D (13) → 124936DCA5B8
14 (19) → 0BC9718A3E3257D64B
18 (23) → 09BB1487291E533DA67C5D

none

In Base 17:

3 (3) → 5B
5 (5) → 36DA
7 (7) → 274E9C

In Base 18:

B (11) → 1B834H69ED
1B (29) → 0B31F95A9GDAE4H6EG28C781463D
21 (37) → 08DB37565F184FA3G0H946EACBC2G9D27E1H

In Base 19:

7 (7) → 2DAG58
B (11) → 1DFA6H538C
D (13) → 18EBD2HA475G

In Base 20:

3 (3) → 6D
D (13) → 1AF7DGI94C63
H (17) → 13ABF5HCIG984E27

In Base 21:

J (19) → 1248HE7F9JIGC36D5B
12 (23) → 0J3DECG92FAK1H7684BI5A
18 (29) → 0F475198EA2IH7K5GDFJBC6AI23D

In Base 22:

5 (5) → 48HD
H (17) → 16A7GI2CKFBE53J9
J (17) → 13A95H826KIBCG4DJF

In Base 23:

3 (3) → 7F
5 (5) → 4DI9
H (17) → 182G59AILEK6HDC4

In Base 24:

7 (7) → 3A6KDH
B (11) → 248HALJF6D
D (13) → 1L795CM3GEIB
H (17) → 19L45FCGME2JI8B7

Note that in ternary (b = 3), the case p = 2 yields 1 as a cyclic number.
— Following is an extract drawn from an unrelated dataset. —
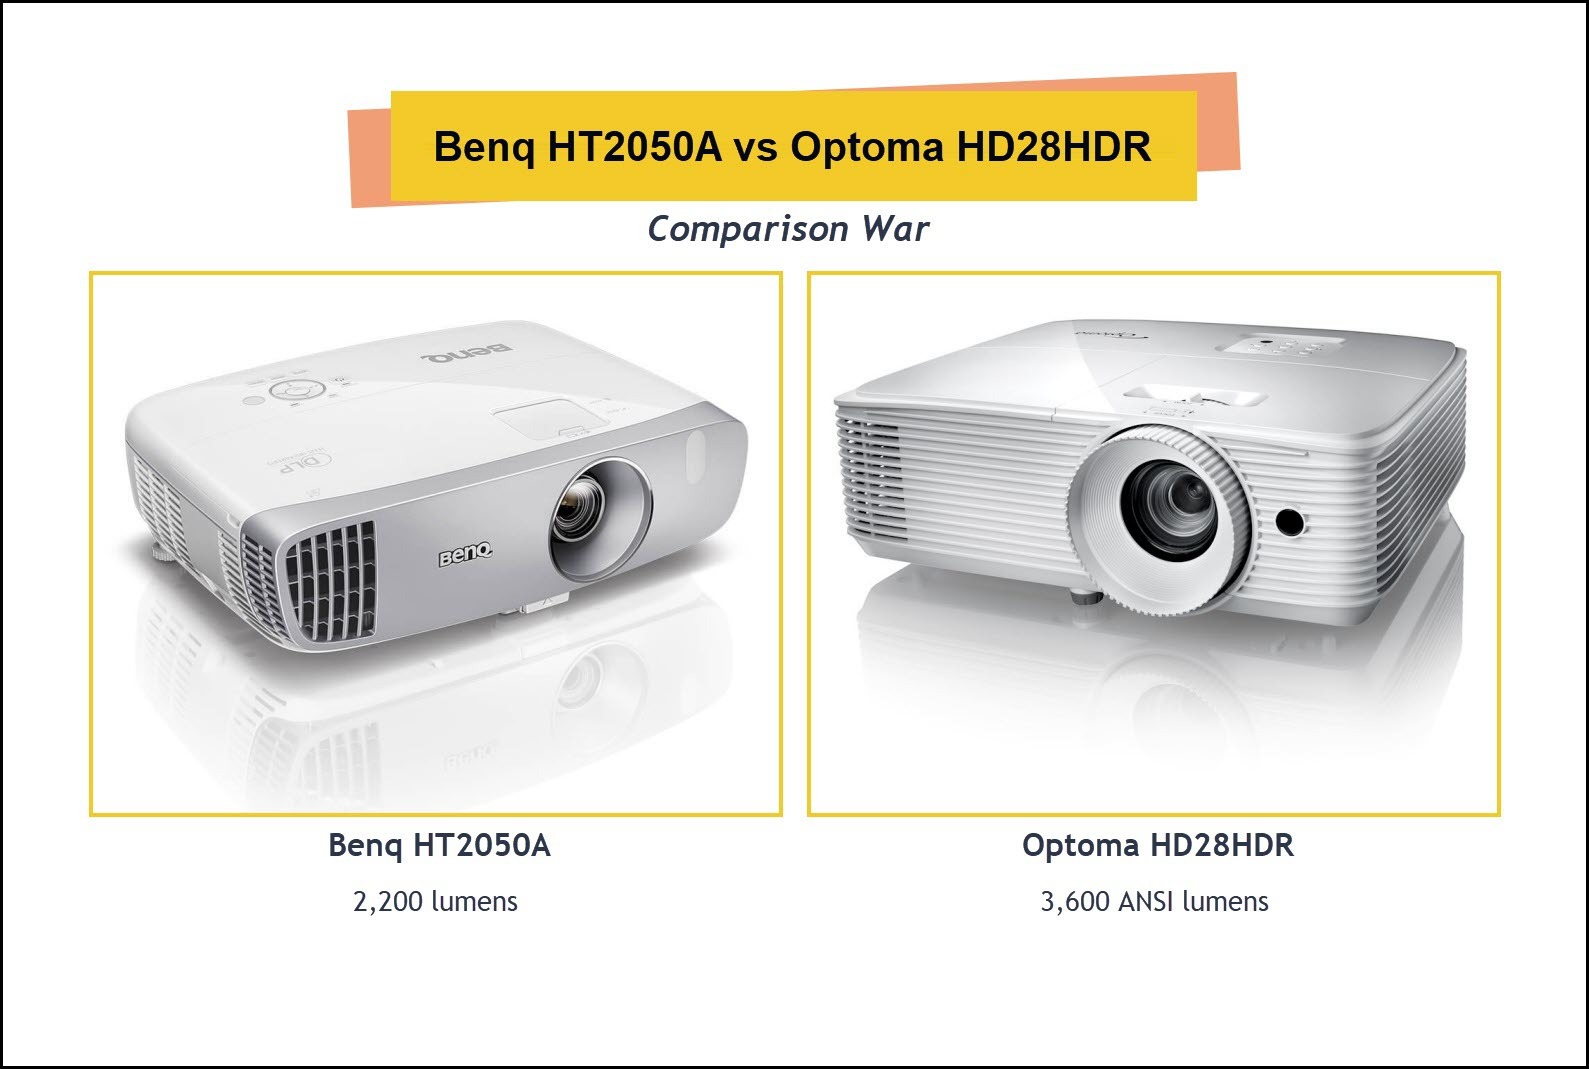 Optoma HD28HDR vs. Benq HT2050A Comparison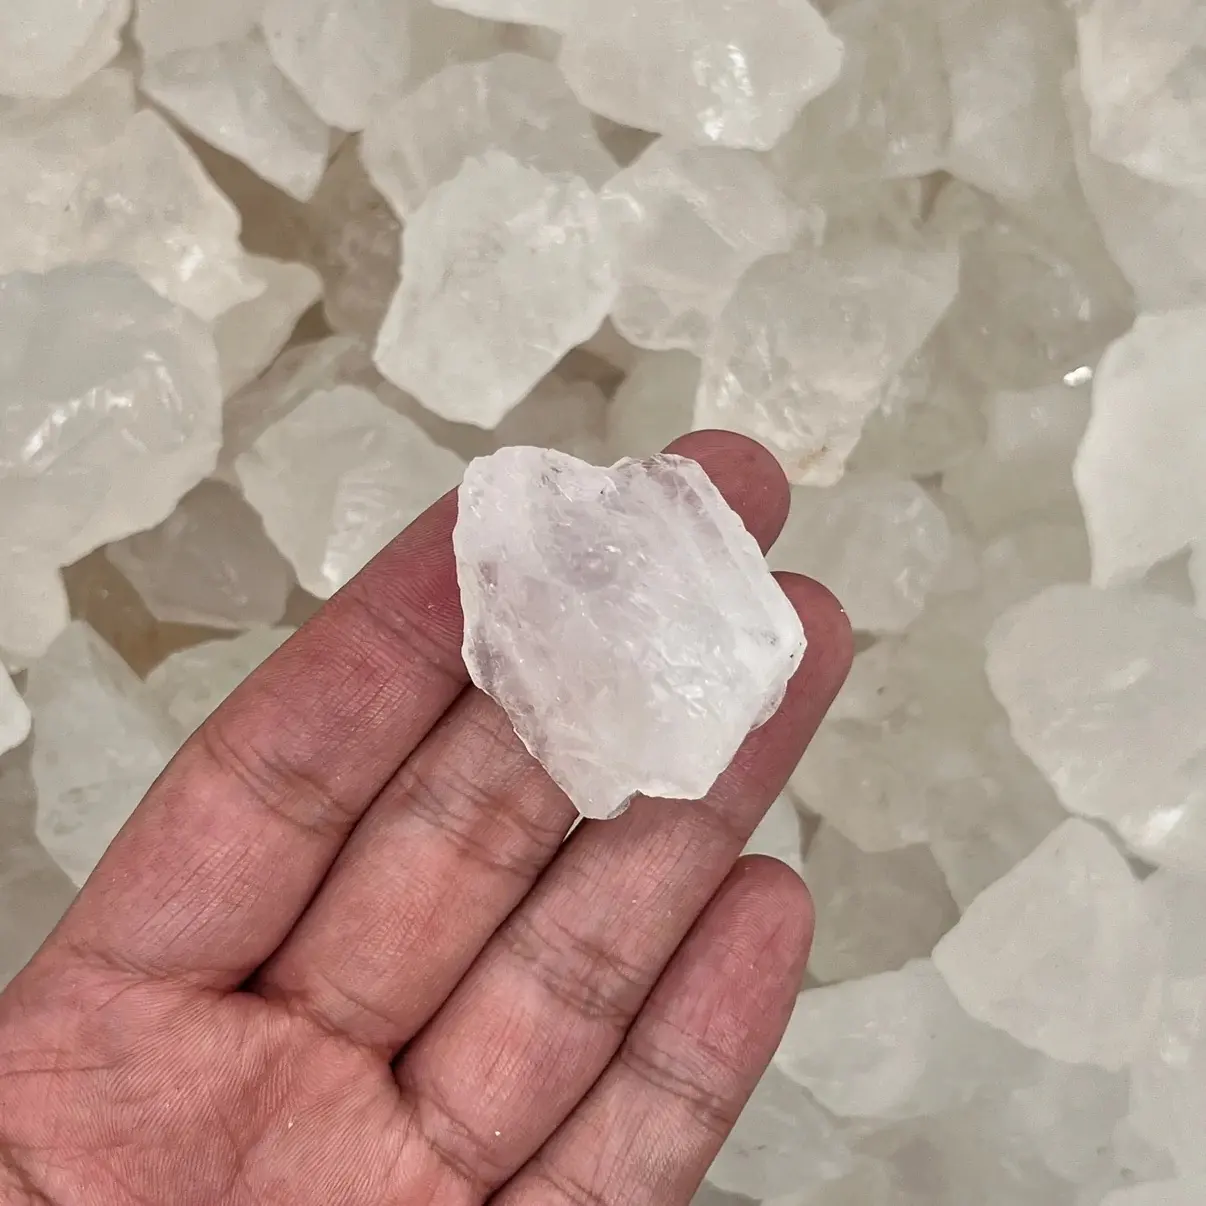 Bulk all'ingrosso gemma naturale quarzo sette Chakra guarigione grezza ghiaie bianco chiaro cristallo di roccia burattato pietra preziosa Reiki grezzo

While single digits may be considered trivial cases, it may be useful for completeness of the theory to consider them only when they are generated in this way.

It can be shown that no cyclic numbers (other than trivial single digits) exist in any numeric base which is a perfect square; thus there are no cyclic numbers in hexadecimal, base 4, or nonary.